NEW YORK – American International Group, the insurer that’s weighing whether to join a shareholder lawsuit alleging its 2008 bailout was unconstitutional, would face tough odds in court, a former government watchdog said.
AIG’s board is scheduled to meet today to review whether it should join a case brought in 2011 by former Chief Executive Officer Maurice “Hank” Greenberg. The ex-CEO said that the rescue cheated shareholders by diluting their stake in the company. The insurer needed help after it was unable to raise money in equity and bond markets to pay clients who had bought protection against losses on mortgage-related securities.
“The idea that AIG would have been better off by going bankrupt, for the shareholders is a very, very hard thing to sell, I think, to a judge,” Neil Barofsky, the former inspector general of the U.S. Troubled Asset Relief Program said Tuesday on Bloomberg Television. Greenberg has “one of the best lawyers on the planet,” he said, “but I just don’t see how you get past the fact the board voted” to accept U.S. aid.
The lawsuit presents both legal and public-relations challenges for a company that repaid the remainder of a $182.3 billion bailout last year. The New York-based insurer last week began an advertising campaign to thank taxpayers for their support and highlight that the U.S. made a profit on the rescue.
AIG said in court papers in August that Greenberg’s Starr International may file a complaint against the company if it doesn’t join the case. The New York Times reported on the board meeting Monday, saying that directors may have an obligation to shareholders to consider the possibility of recovering money through a lawsuit.

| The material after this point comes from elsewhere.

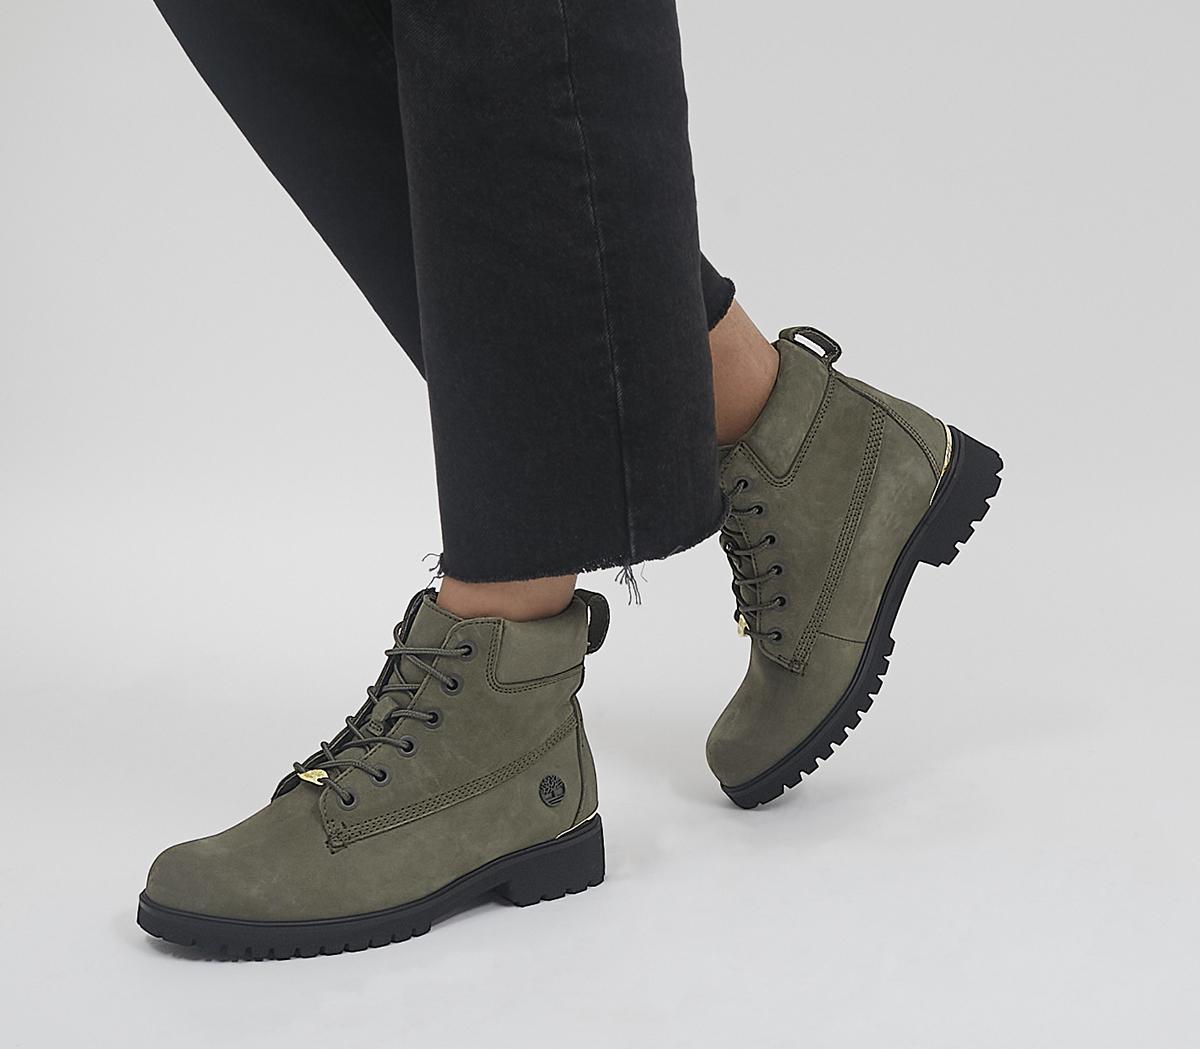 TimberlandSlim Premium 6 Inch BootsDark Green Metallic Heel

AIG’s review will include presentations by the U.S. Treasury Department, Federal Reserve Bank of New York and Starr, according to the court filing from August. While the board has a responsibility to hear the arguments, joining the case would invite outrage from the public, said Barofsky.
Barofsky said he doesn’t expect AIG to “turn around and give the American taxpayer the equivalent of a giant middle finger of suing them for saving them,” Barofsky said.

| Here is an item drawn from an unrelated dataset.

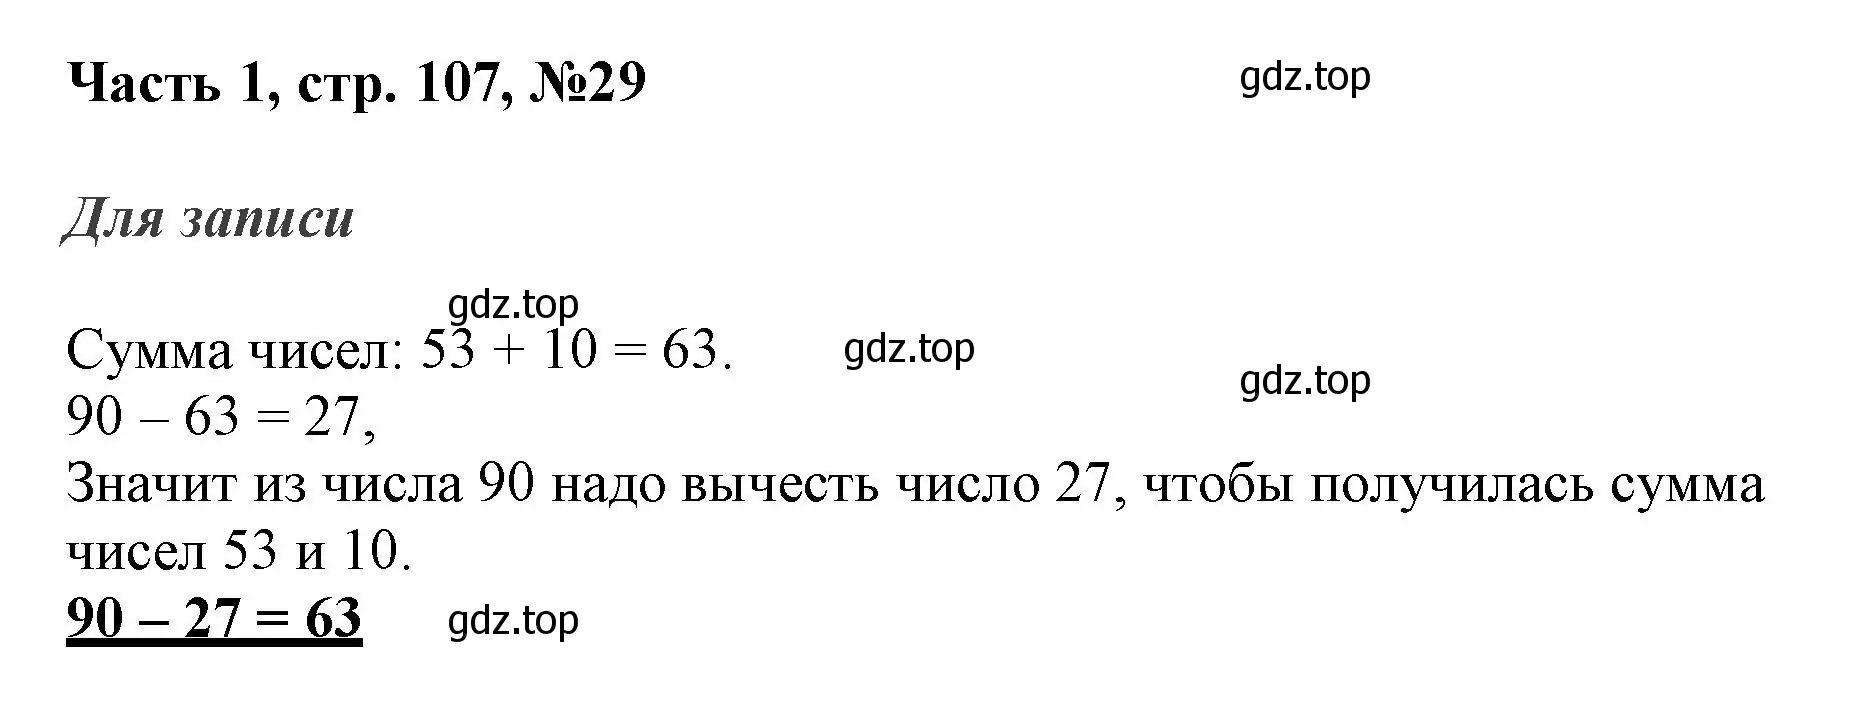 Решение номер 29 (страница 107) гдз по математике 3 класс Моро, Бантова, учебник 1 часть

Greenberg won a federal judge’s approval to proceed with the case against the U.S. in July. In the complaint, Starr said the government paid $500,000 for a stake in the company that was worth $25 billion, violating the constitutional rights of shareholders to due process and equal protection of the law. A parallel case against the New York Fed was dismissed in November.
“If AIG enters this suit, it would be the equivalent of a patient suing their doctor for saving their life,” said Mark Williams, a former Federal Reserve bank examiner who teaches finance at Boston University.